Delta encodings are very useful for datetime columns.

Delta encoding compresses data by recording the difference between values that follow each other in the column. This difference is recorded in a separate dictionary for each block of column values on disk. (An Amazon Redshift disk block occupies 1 MB.) For example, if the column contains 10 integers in sequence from 1 to 10, the first will be stored as a 4-byte integer (plus a 1-byte flag), and the next 9 will each be stored as a byte with the value 1, indicating that it is one greater than the previous value.

Delta encoding comes in two variations:

  • DELTA records the differences as 1-byte values (8-bit integers)

  • DELTA32K records differences as 2-byte values (16-bit integers)

If most of the values in the column could be compressed by using a single byte, the 1-byte variation is very effective; however, if the deltas are larger, this encoding, in the worst case, is somewhat less effective than storing the uncompressed data. Similar logic applies to the 16-bit version.

If the difference between two values exceeds the 1-byte range (DELTA) or 2-byte range (DELTA32K), the full original value is stored, with a leading 1-byte flag.
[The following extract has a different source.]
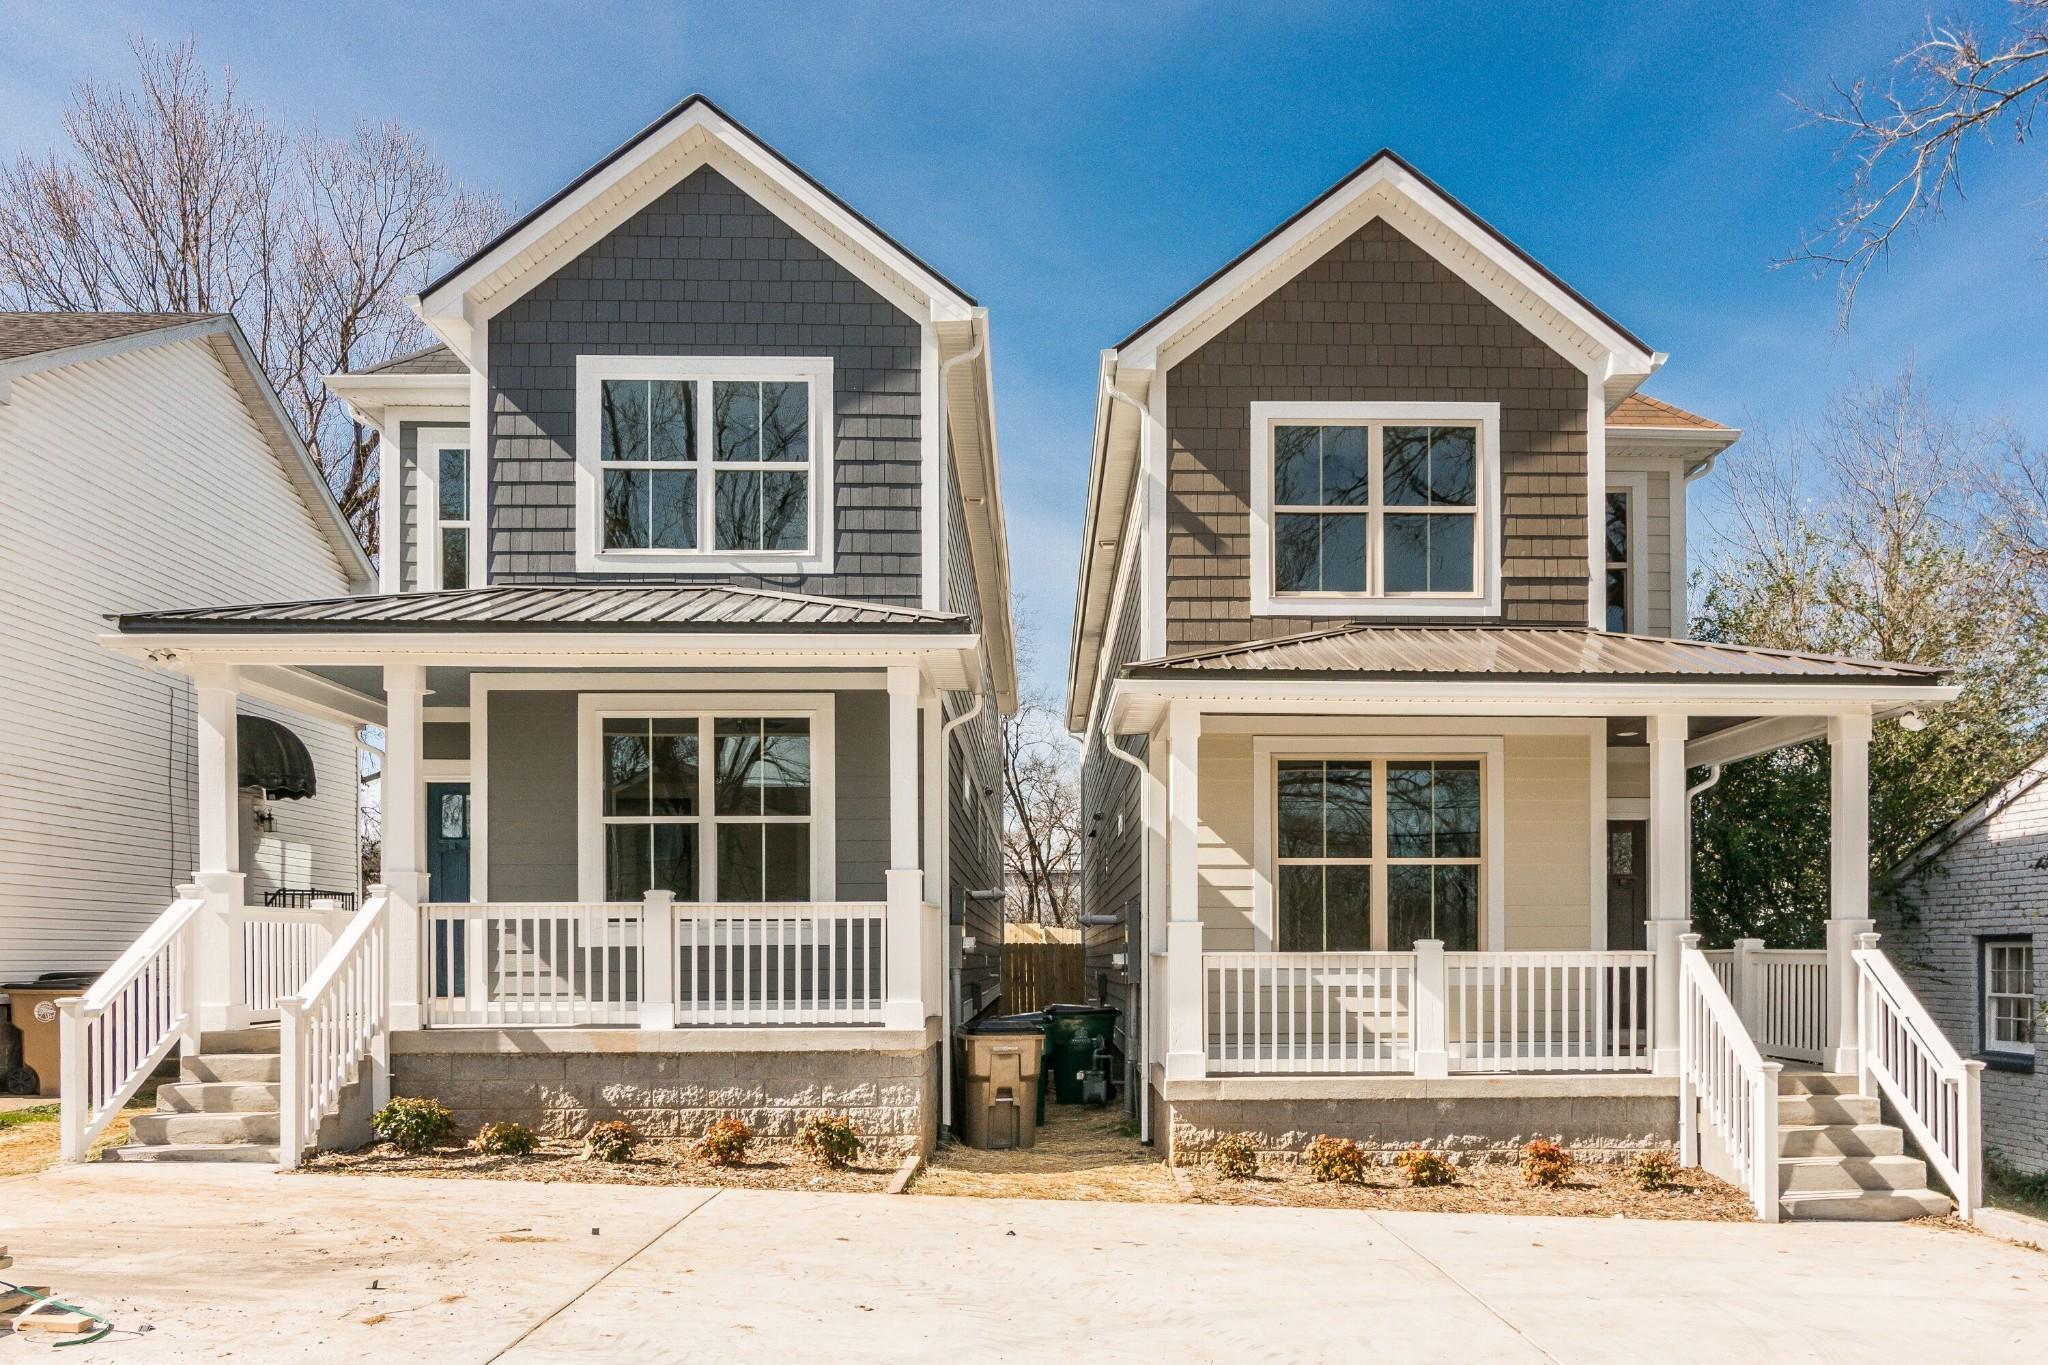 2719 Gear St, Nashville, TN 37216 - Nashville, TN real estate listing

The 1-byte range is from -127 to 127, and the 2-byte range is from -32K to 32K.

The following table shows how a delta encoding works for a numeric column:

Original data value Original size (bytes) Difference (delta) Compressed value Compressed size (bytes)
1 4 1 1+4 (flag + actual value)
5 4 4 4 1
50 4 45 45 1
200 4 150 150 1+4 (flag + actual value)
185 4 -15 -15 1
220 4 35 35 1
221 4 1 1 1
Totals 28 15